Both the density and bioavailability of micronutrients in the diet are important for achieving optimal micronutrient status. Nutrient density is the amount of a nutrient in a food per calorie or unit weight. Bioavailability is the proportion of an ingested nutrient that is absorbed and utilized for some essential metabolic function.

Food systems are linked to the nutritional wellbeing and heath of individuals and populations through the nutrients and other bioactive components contained in the foods they supply. Agriculture is the foundation of all food systems in that agricultural products are the primary source of most nutrients. If agriculture cannot supply all the essential nutrients in amounts required for good health and productive lives, malnutrition develops. To date, the primary focus of agricultural research, policy, and practice has been on increasing yields with little attention paid to improving the nutrient output of farming systems. Increasing yields is important but the nutritional quality of crops produced must also be a priority if sustainable progress toward reducing the prevalence of malnutrition is to be realized.

A basic tenet of a nutritionally adequate diet is the principle that it must contain a variety of foods from several different food groups. Therefore, strategies for improving the nutritional status of populations should include efforts to increase dietary diversity. However, while agricultural production is a necessary component of an adequate food supply, it is not sufficient. A well-functioning food value chain is also necessary to deliver food to the consumer. The food processing sector is an important component of the food value chain. Food processing can reduce food waste, prevent nutrient losses, increase nutrient content through fortification, enhance the acceptability of foods to consumers, reduce risk of foodborne illness, provide jobs and economic development, and reduce the time and energy required for home food preparation. Conversely, food processing can be detrimental to nutritional quality when it manufactures foods that are high in added sugar, fat, and sodium or when it removes nutrient dense fractions from whole foods as is often the case in cereal milling operations.
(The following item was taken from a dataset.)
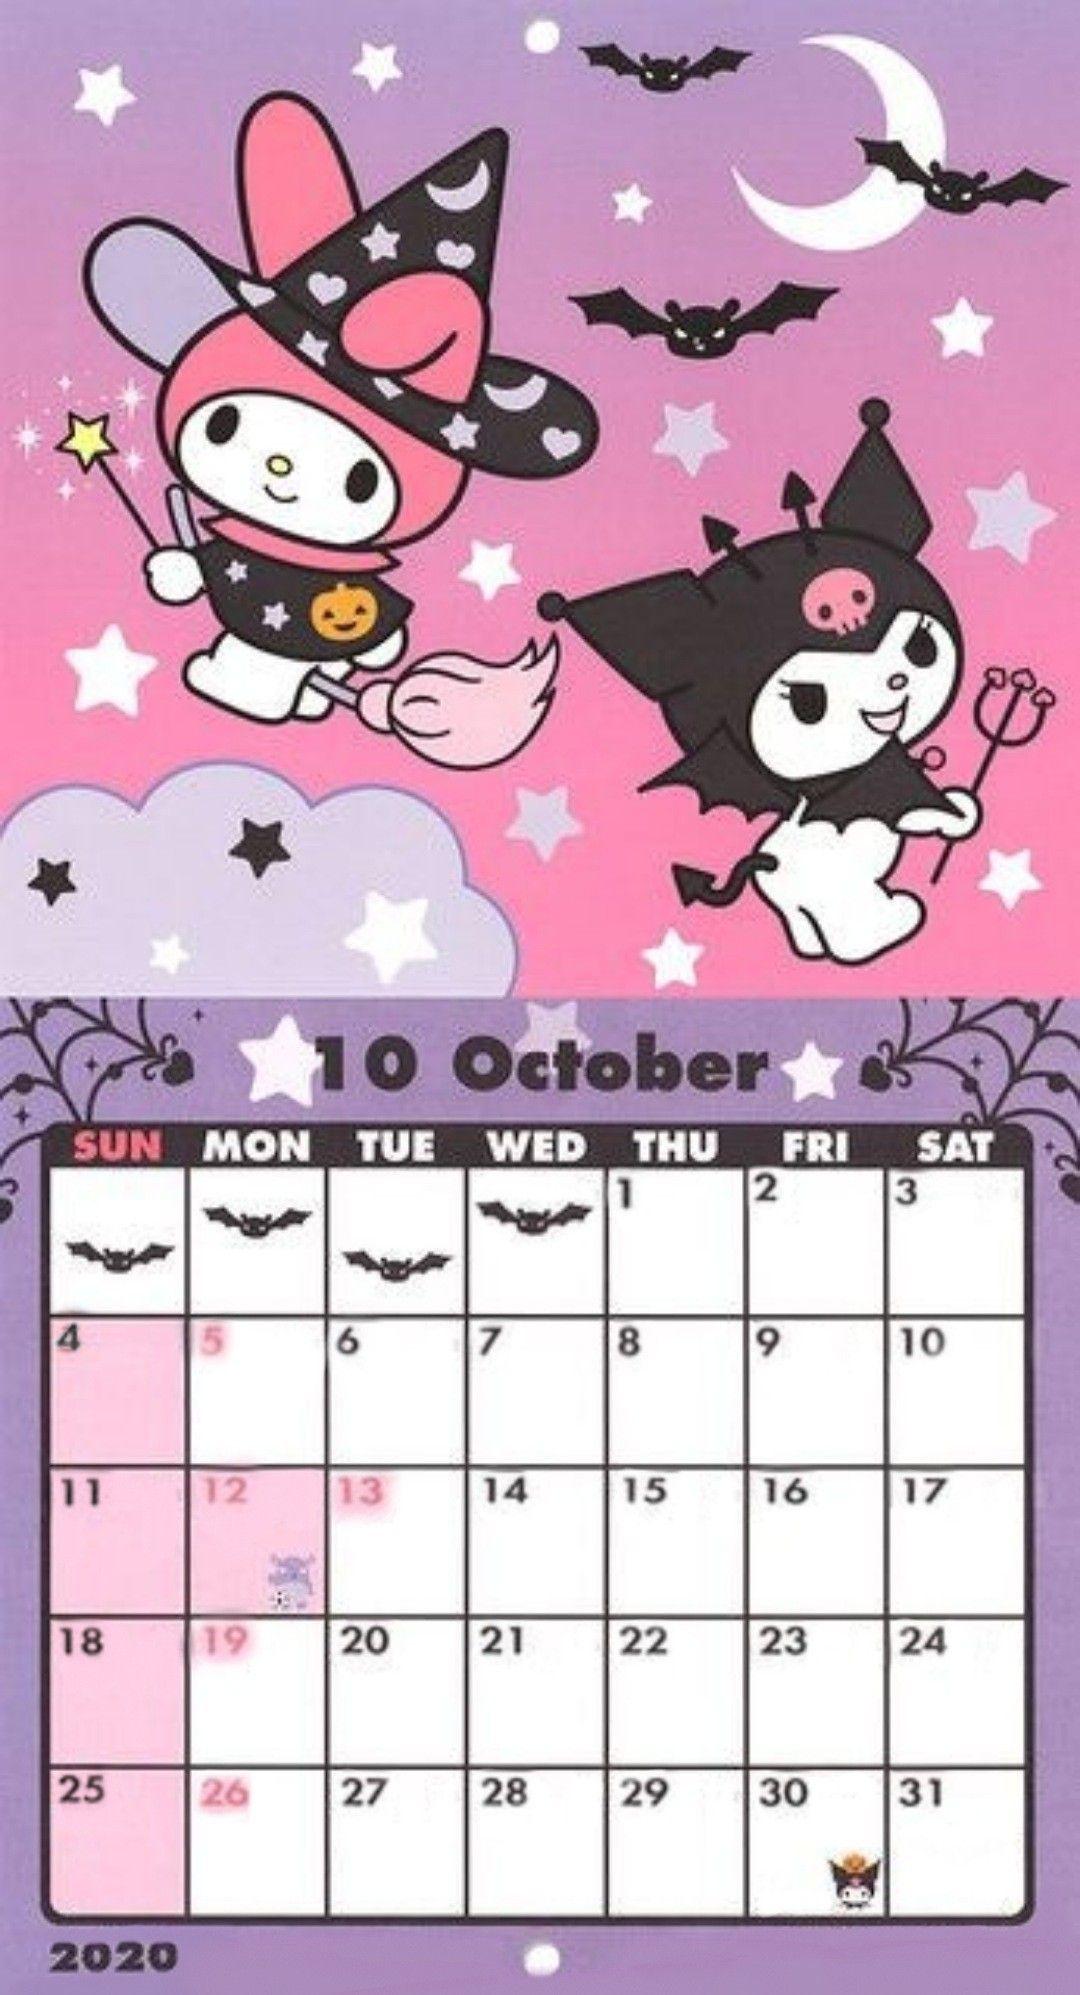 Календарь Хеллоу Китти 2020 In 2020 | Hello Kitty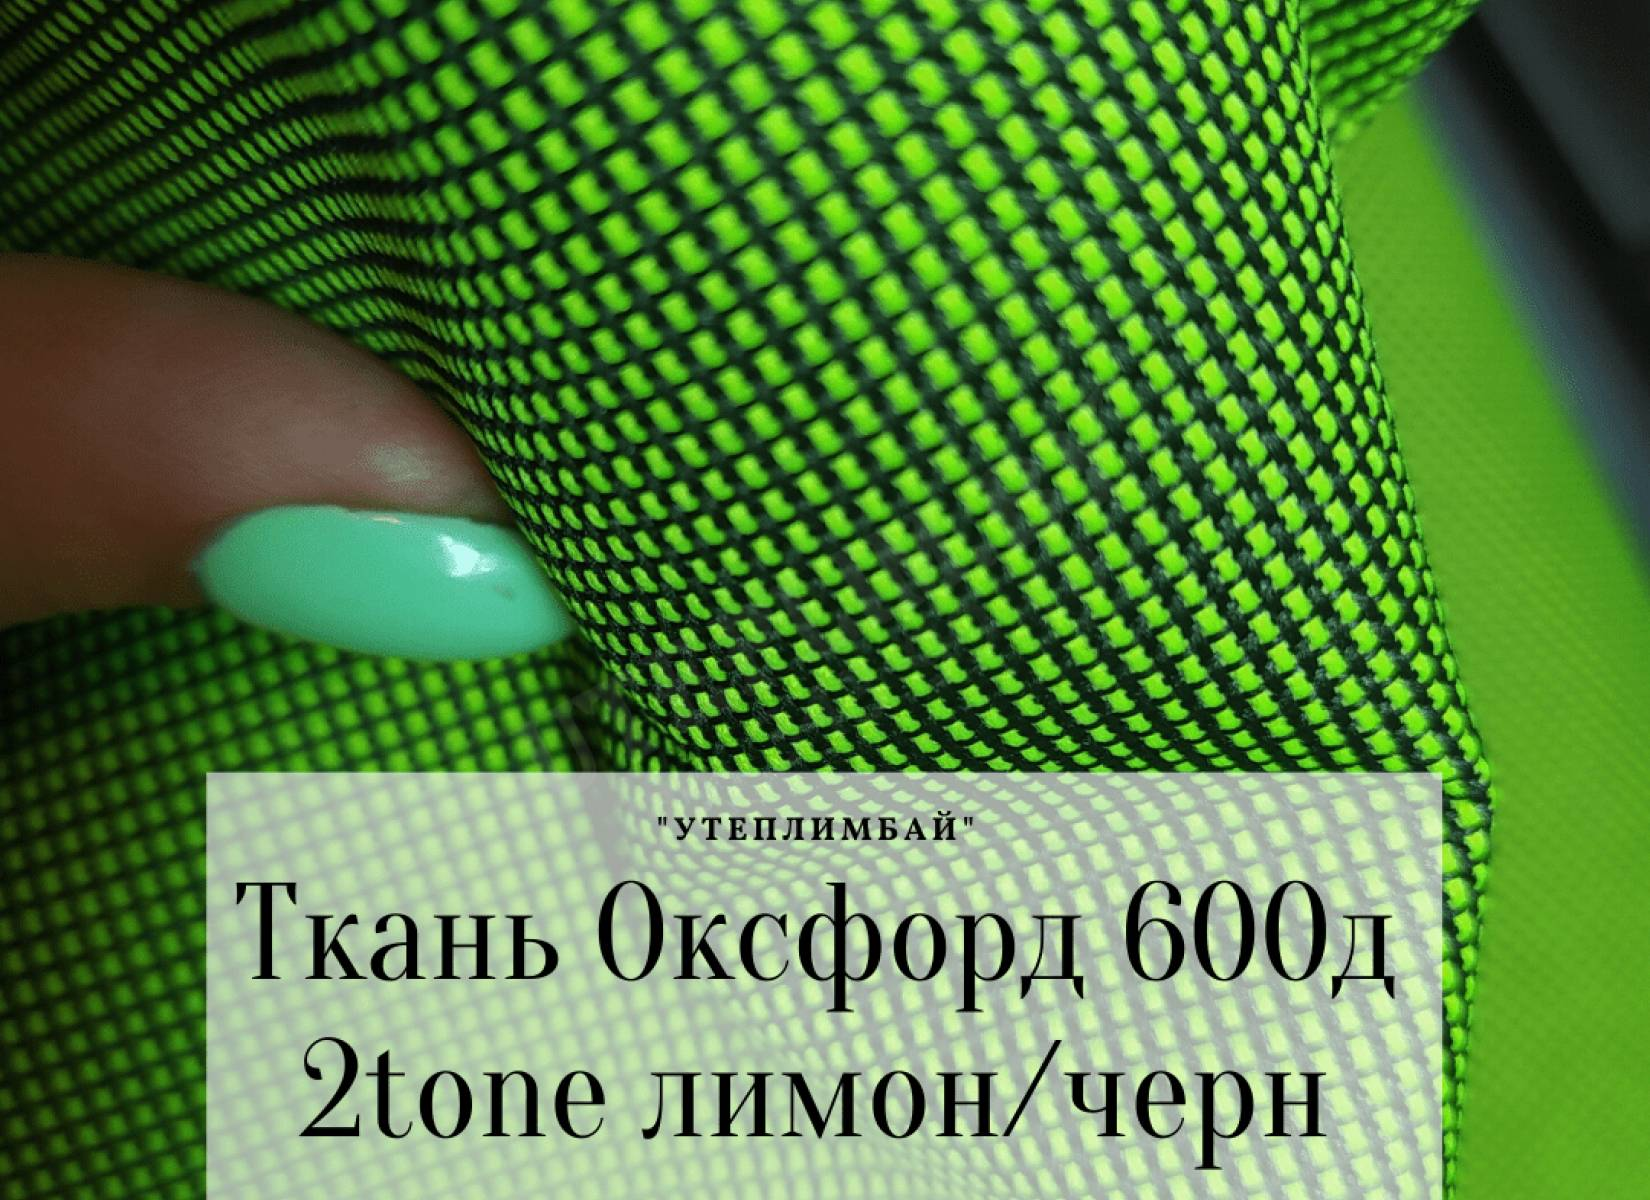 600д 2tone - лимон/черн

A major cause of micronutrient malnutrition in low income populations is lack of access to a variety of foods. When incomes are low, people rely on inexpensive sources of calories, such as cereals and tubers, to meet energy needs (Bouis et al., 2011a). These foods tend to be poor sources of many micronutrients. More nutrient dense foods such as fruits, vegetables, and animal products are more expensive and, as a result, are often beyond the reach of the poor (Bouis et al., 2011a).

The aim of this review is to identify deficiencies in the food system that lead to micronutrient malnutrition and explore and evaluate strategies for its prevention. We examine the impact of agricultural and food processing practices on micronutrients in the food supply. We then discuss the potential of fertilization, plant breeding, food processing, and food fortification for enhancing the availability of micronutrients to consumers in both developing and developed countries. We conclude with key lessons to guide intervention policies.